If you are switching from web to embedded, the question will come up "why are you switching to a different domain." When that question gets asked, many candidates exhibit a more whimsical or capricious nature of just wanting to do something different. At which point the interviewer is looking at "competent, but likely to leave in a year or two because they got bored" vs "less experienced, but interested in the domain." The second candidate is probably a better choice.

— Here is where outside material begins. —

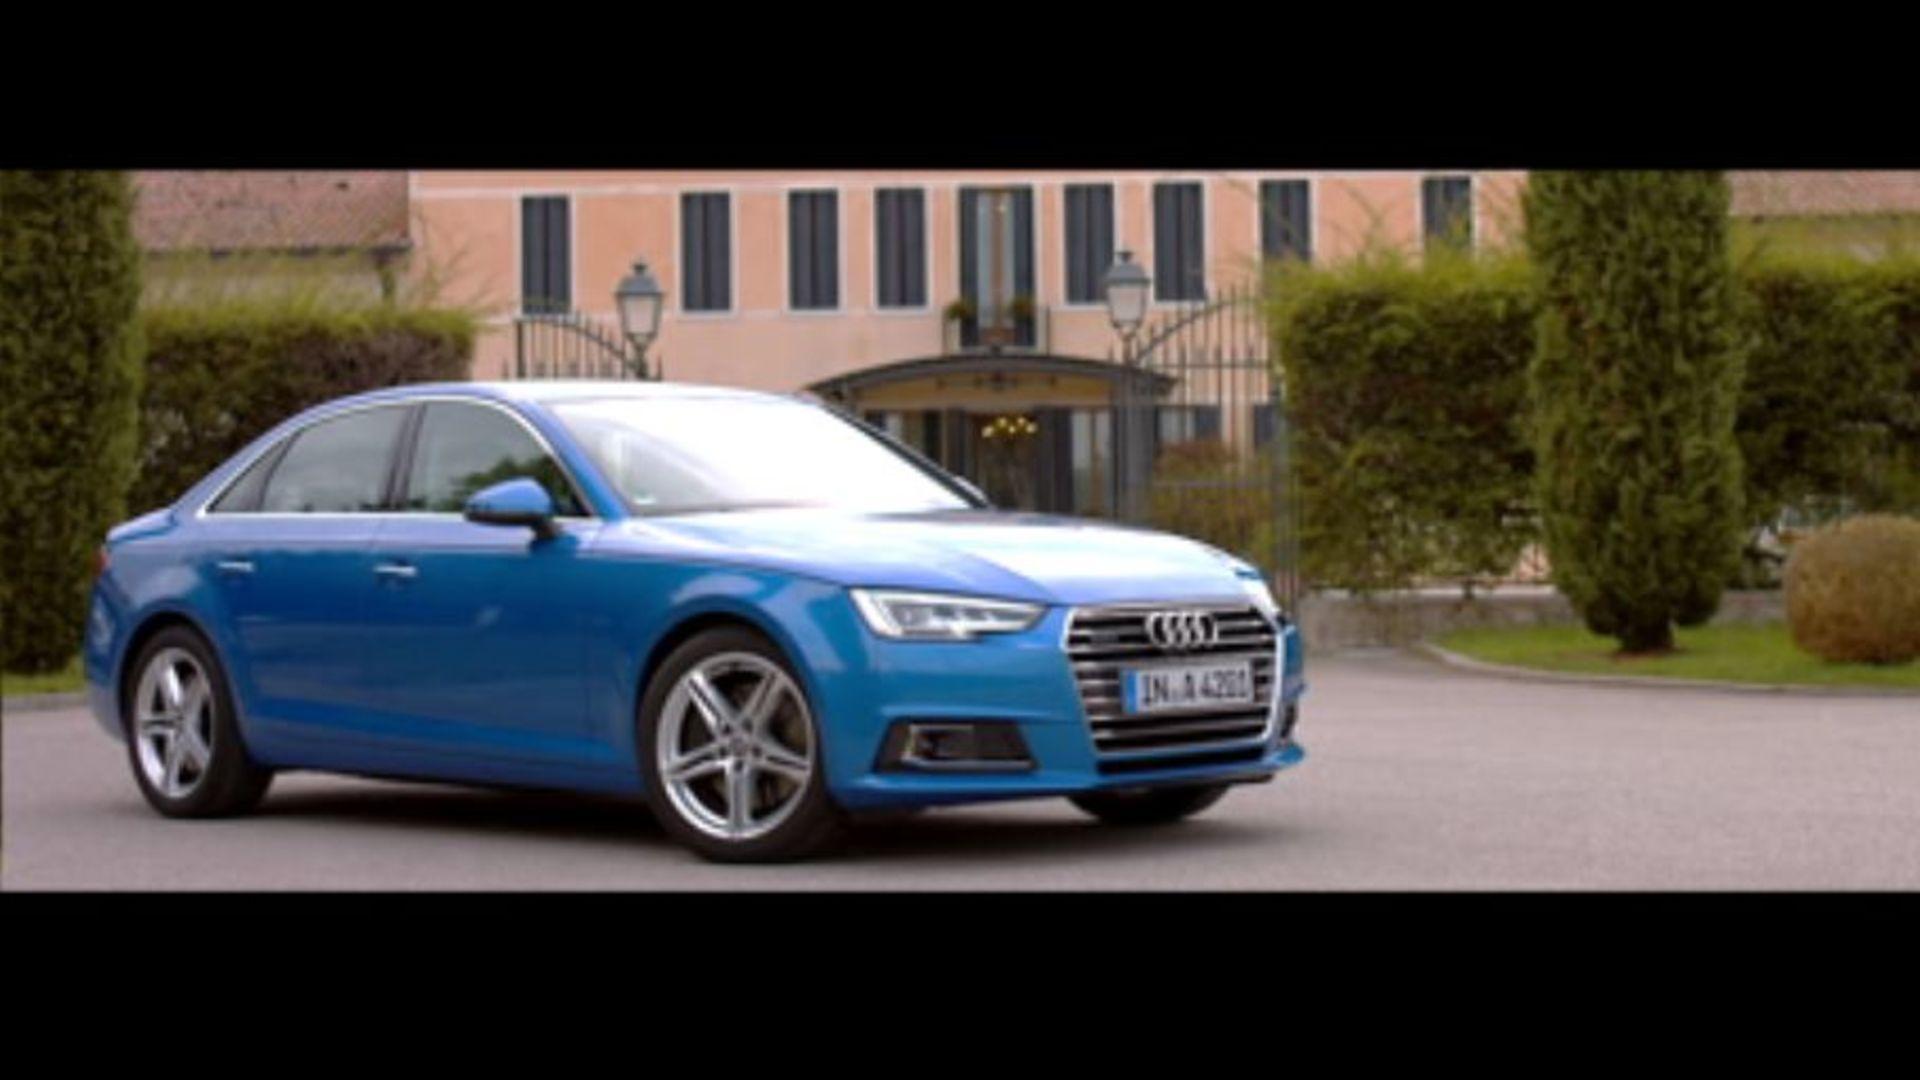 Audi A4 (2015) - Trailer Venice

The way to solve that is the personal project and demonstrate that you're interested in the domain at more than a "I'm bored with what I currently do."


This is a talent strategy at some companies (mine included). Our business model simply doesn’t allow us to compete for the “top” engineers. Our best engineers have been people who are just general technologists dabbling in solo projects within the business side of a corporate or working as the lone IT person at a small business. They have enough of the fundamentals to hit the ground running and learn quickly, but not enough experience to attract the big offers.

Are they mediocre developers? Yeah, absolutely. But under the right guidance they can absolutely be valuable to a company, and our turnover tends to be low because we have a 9-5 culture. It’s less about being a mediocre company versus a company that can’t compete for talent on price, so our talent strategy is to keep it a nice place to work so people want to stay.


> "I get the feeling that mediocre business should be able to run just fine on mediocre people."

The mediocre app/system quality and performance and mediocre security for customer and business data that results creates a (sub-)mediocre customer experience.